По сравнению с последним ритуалом такого рода (имевшим место в начале 1937 года) языки у населения явно развязались. Среди поднимавшихся вопросов процитируем: «Почему, хотя война закончилась, у нас до сих пор нет права менять работу?», «Когда нам разрешат вернуться домой?», «Советская Конституция гарантирует право на образование. Почему в старших классах школы надо платить, если образование считается бесплатным?», «Что дает государство колхознику? Почему не увеличивают размер подсобного хозяйства?». Некоторые высказывания звучали еще более провокационно: «В избирательный бюллетень включают только одну кандидатуру, это нарушение демократии», «Государство напрасно тратит средства на выборы, все равно оно проведет тех, кого захочет!».
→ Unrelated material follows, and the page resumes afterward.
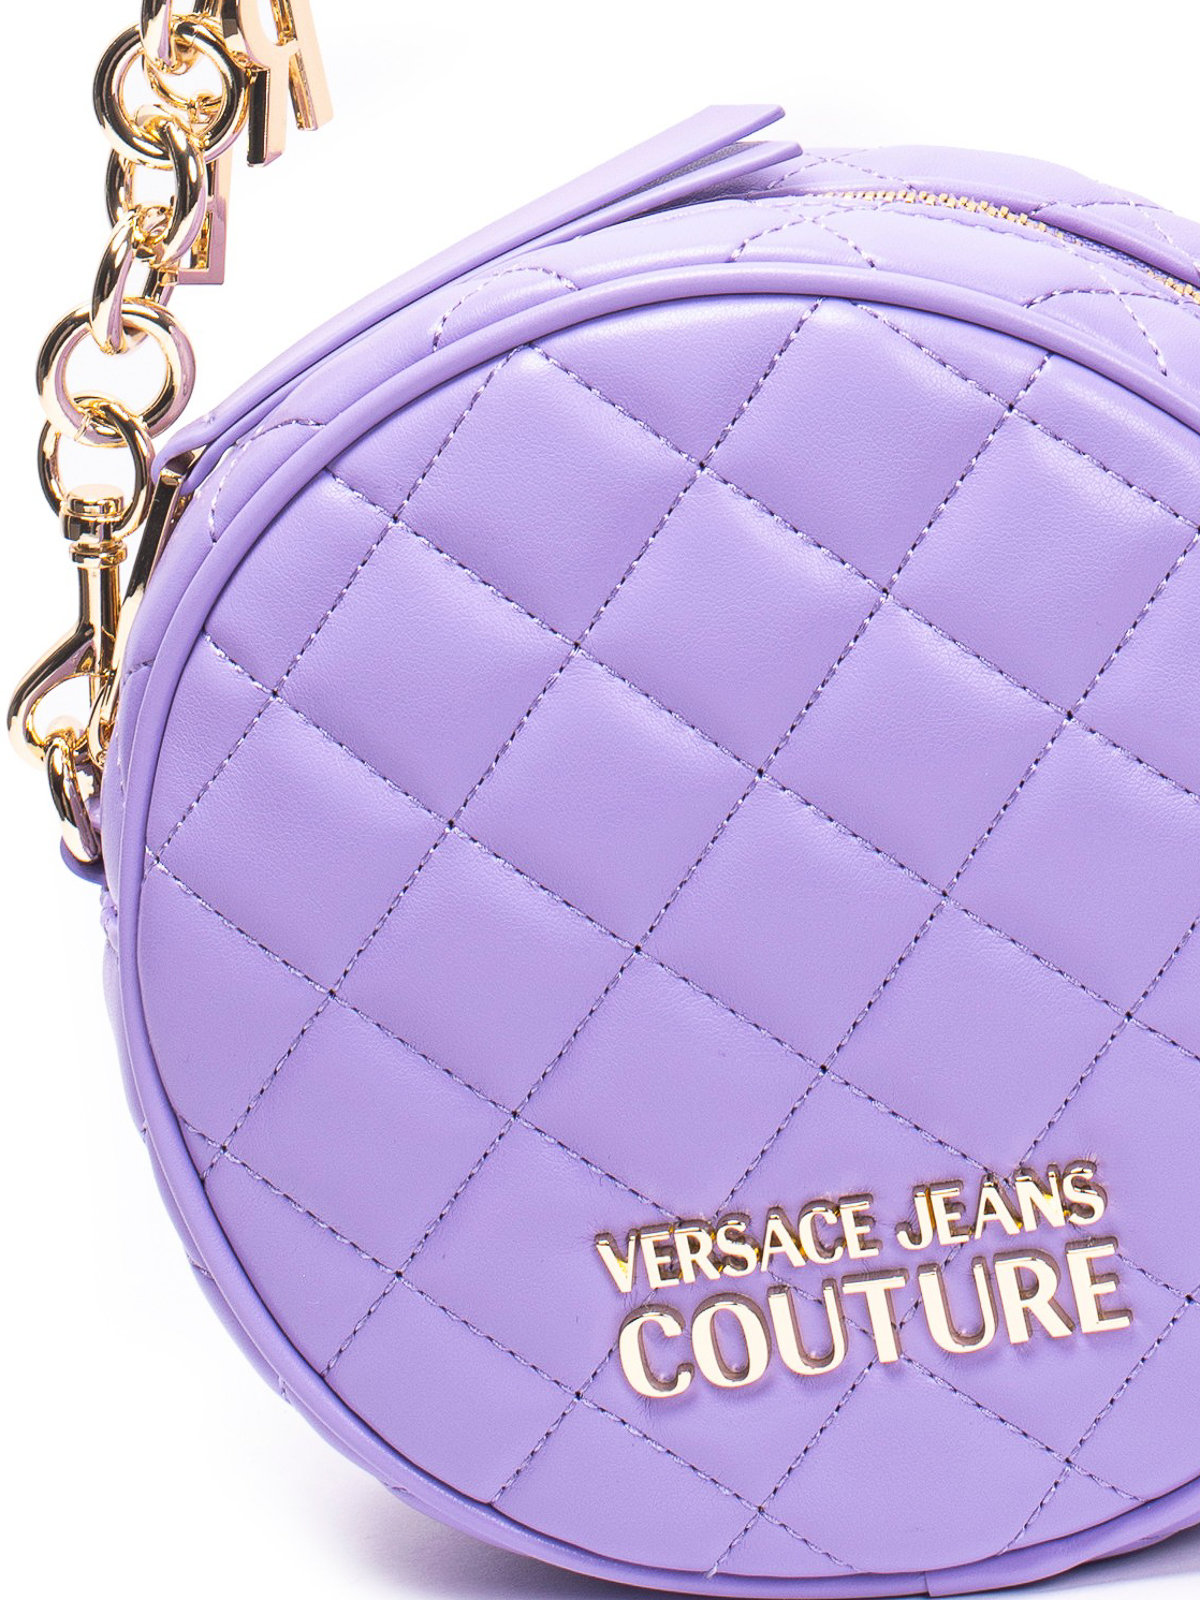 VERSACE JEANS COUTURE ハンドバッグ ライラック メタリック

Особенно острые критические стрелы были выпущены в адрес «начальников», «наедавших животы» во время войны. Избиратели уделяли повышенное внимание тому, чем занимались кандидаты, предложенные властями, в военные годы. Сражались ли они на фронте? В каких частях? Эвакуировались ли в тыл? Провели ли войну в «теплом кабинете»? Случалось даже, что участники этих предвыборных собраний, на которых фронтовики особенно активно стремились заставить принять боевой опыт в качестве нового источника политической и социальной легитимности, предлагали «альтернативные» кандидатуры. Многие вопросы касались международного положения — угрозы новой войны, но также политических и избирательных систем у союзников. Об этом знали немного, но сам факт того, что интересовались этими вопросами, сравнивали и говорили об этом открыто, показывает то, насколько война — а главное, то, что многие фронтовики побывали за границей, — повлияла на менталитет.
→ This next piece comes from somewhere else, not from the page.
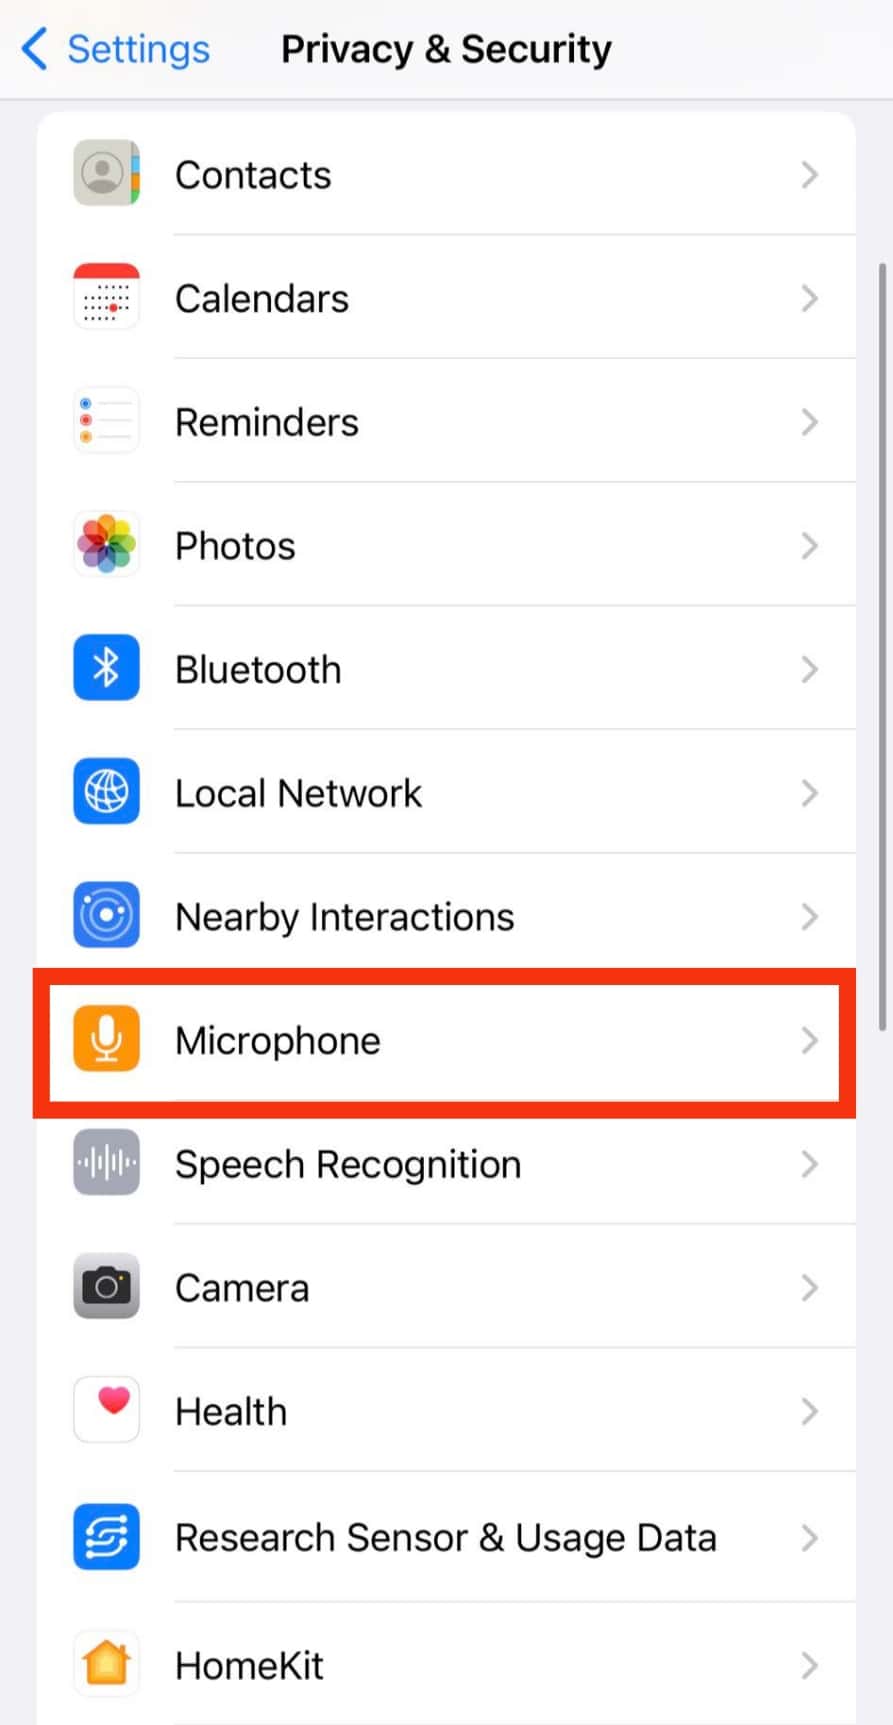 Select Microphone

Это удивительная свобода слова чаще всего не доходила до того, чтобы ставить под сомнение политическую систему в целом, и тем более фигуры Сталина и Жукова, окруженные ореолом победы. Разочарование от «украденной победы» выражалось в острой критике местных бюрократов, «хозяйчиков» и «новых привилегированных сословий». «Все обжираются, наедают животы, никто ничего не делает, сидят и только Сталина обманывают», — это замечание уральского металлурга, приводящееся в документе «о настроении рабочих в Челябинской области» (сентябрь 1947 года), красноречиво свидетельствует не только о степени поляризации между «ними» (местная номенклатура) и «нами» (простой трудовой народ), которая с 30-х годов определяла социальный расклад, но и об очень специфическом — и очень традиционном — отношении к власти.
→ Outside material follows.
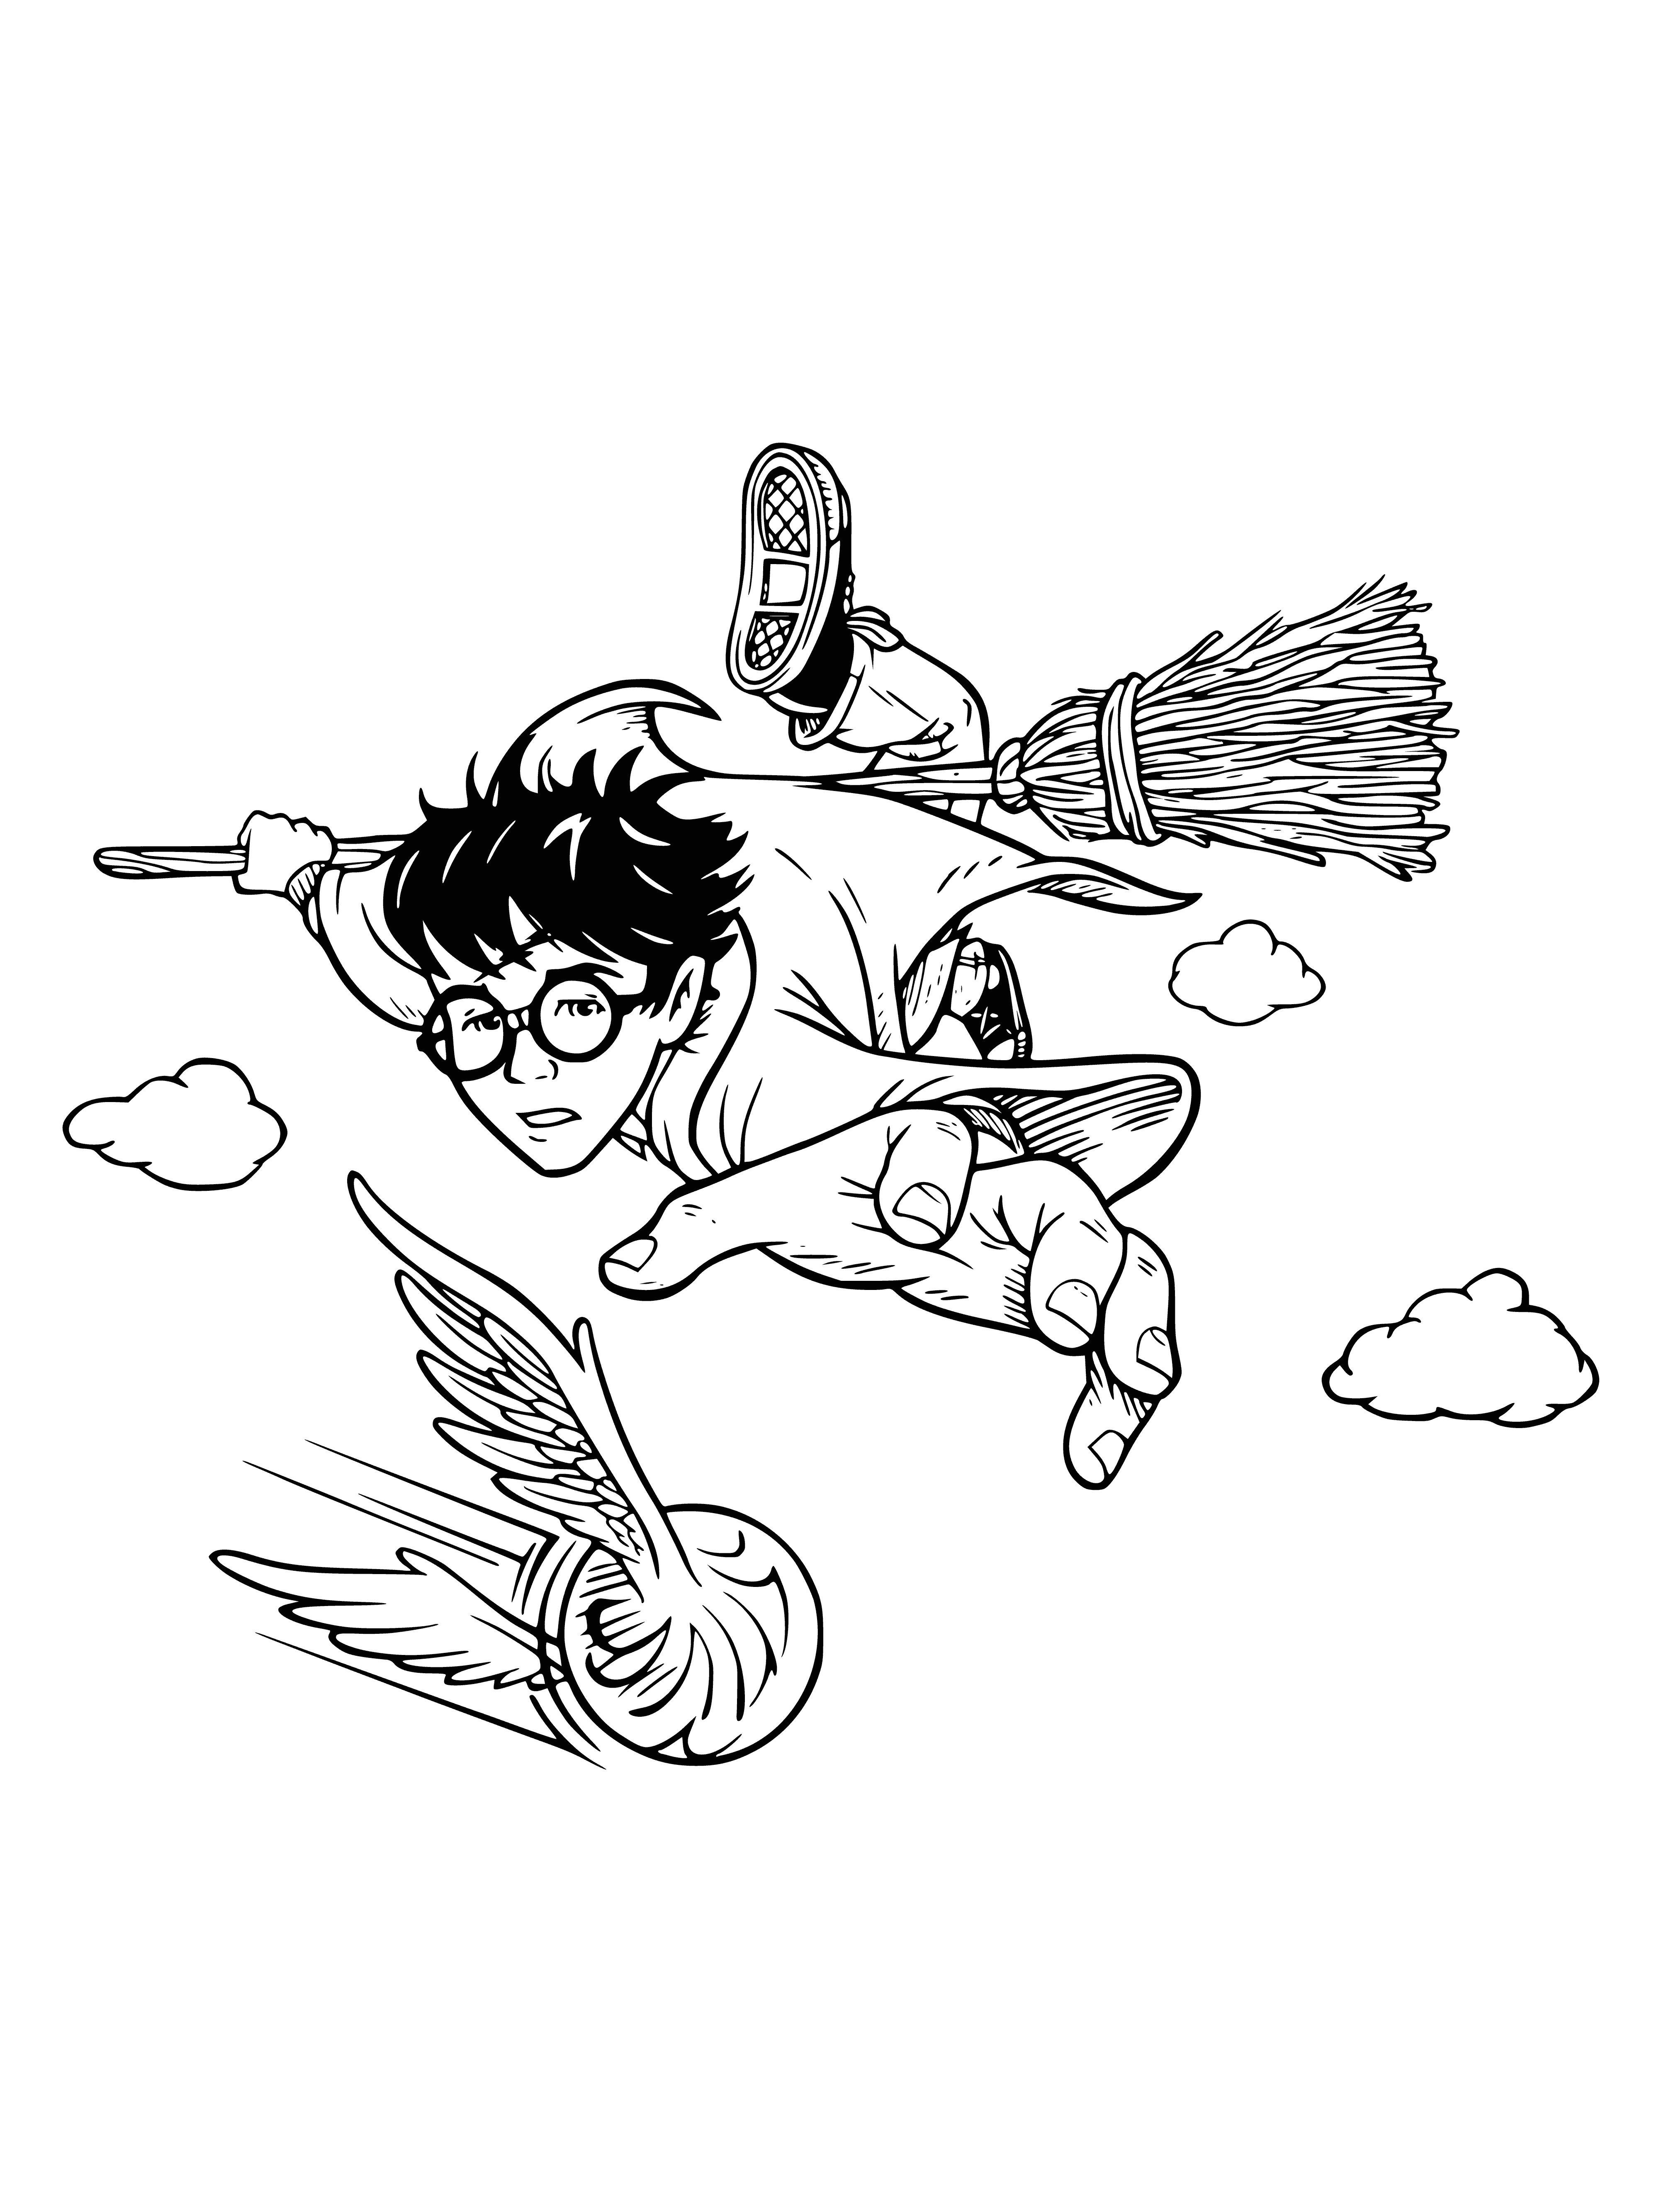 coloring page: Boy in robe flying on broomstick with wand, chasing ball with other wizards in the air.

Среди других признаков того, что власти называли «послевоенным брожением умов», фигурировало возрождение религиозных чувств, которые можно отнести к четвертому из кругов общественного сопротивления, упомянутых выше, а именно к кругу непроницаемости культур, традиций, образа жизни, давно укоренившихся моделей общественного и демографического поведения, глубоко невосприимчивых к ценностям и идеологии режима. Яркий пример неподвластности религиозных верований атеистической пропаганде режима — очень высокий процент взрослого населения (57%), ответившего положительно на вопрос: «Верующий ли вы?», заданный во время переписи в январе 1937 года.
Этот результат тем более показателен, что ему предшествовали слухи о том, чем рискует тот, кто устно или письменно признается, что верит в Бога, в момент, когда за несколько месяцев до начала массовых операций «Большого террора», органы безопасности усилили контроль над населением. Ослабление антирелигиозного давления в ходе войны быстро привело к возвращению религиозных обрядов: церковных браков, крещения новорожденных и взрослых, прошений об открытии церквей.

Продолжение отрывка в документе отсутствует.